The package vignette (PDF): https://cran.r-project.org/web/packages/irlba/irlba.pdf.

This example uses a special one-sided basis option and a custom matrix product to compute the top three principal components of the entire 1000 Genomes Project variant data set (whole genome variants for 2,504 people): http://bwlewis.github.io/1000_genomes_examples/PCA_whole_genome.html. The example optionally works in parallel and finishes in only 8 minutes on a 4 node Linux cluster.

https://bwlewis.github.io/irlba/comparison.html compares the irlba package with the RSpectra package, a high-quality eigenvalue solver for R.

Other applications

The newe tcor algorithm http://arxiv.org/abs/1512.07246 and R package (https://github.com/bwlewis/tcor – not yet on CRAN) use irlba to compute thresholded correlation matrices very quickly. This example computes the most highly correlated gene expressions from the Cancer Genome Atlas RNASeq gene expression data for breast cancer: https://github.com/bwlewis/tcor/blob/master/vignettes/brca.Rmd.

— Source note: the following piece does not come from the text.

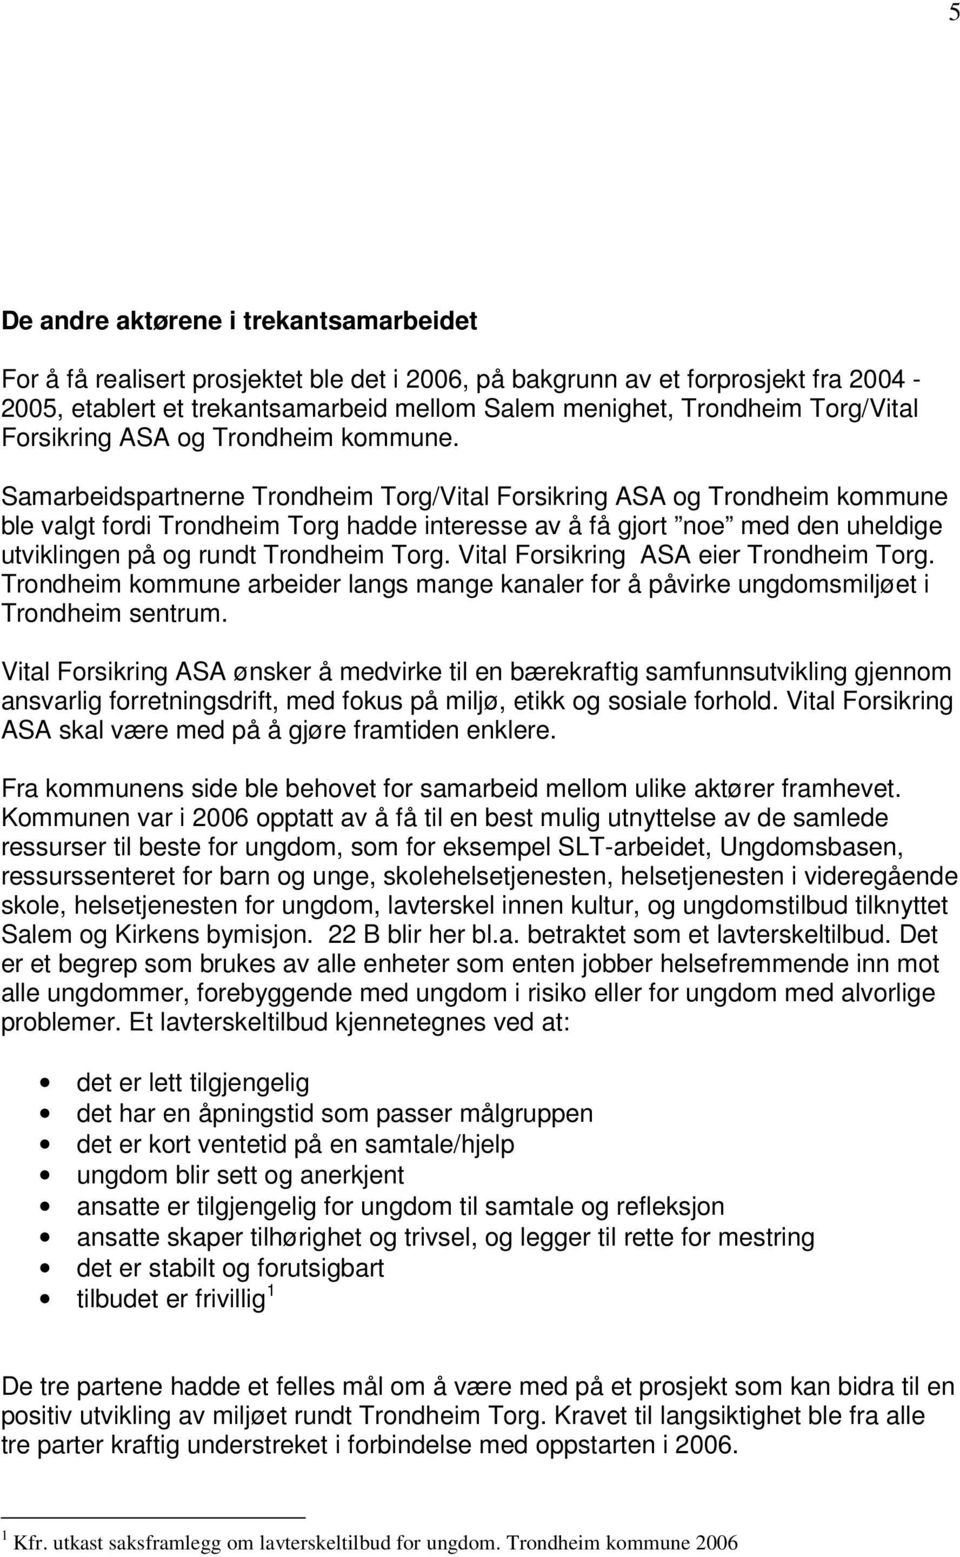 Samarbeidspartnerne Trondheim Torg/Vital Forsikring ASA og Trondheim kommune ble valgt fordi Trondheim Torg hadde interesse av å få gjort noe med den uheldige utviklingen på og rundt Trondheim Torg.

Many more applications will appear here soon, check back!

Deprecated features

The mult argument is deprecated and will be removed in a future version. We now recommend simply defining a custom class with a custom multiplcation operator. The example below illustrates the old and new approaches.

library(irlba)
set.seed(1)
A <- matrix(rnorm(100), 10)

# ------------------ old way ----------------------------------------------
# A custom matrix multiplication function that scales the columns of A
# (cf the scale option). This function scales the columns of A to unit norm.
col_scale <- sqrt(apply(A, 2, crossprod))
mult <- function(x, y)
        {
          # check if x is a  vector
          if (is.vector(x))
          {
            return((x %*% y) / col_scale)
          }
          # else x is the matrix
          x %*% (y / col_scale)
        }
irlba(A, 3, mult=mult)$d

# Compare with:
irlba(A, 3, scale=col_scale)$d

# Compare with:
svd(sweep(A, 2, col_scale, FUN=`/`))$d[1:3]

# ------------------ new way ----------------------------------------------
setClass("scaled_matrix", contains="matrix", slots=c(scale="numeric"))
setMethod("%*%", signature(x="scaled_matrix", y="numeric"), function(x ,y) x@.Data %*% (y / x@scale))
setMethod("%*%", signature(x="numeric", y="scaled_matrix"), function(x ,y) (x %*% y@.Data) / y@scale)
a <- new("scaled_matrix", A, scale=col_scale)

irlba(a, 3)$d

We have learned that using R’s existing S4 system is simpler, easier, and more flexible than using custom arguments with idiosyncratic syntax and behavior. We’ve even used the new approach to implement distributed parallel matrix products for very large problems with amazingly little code.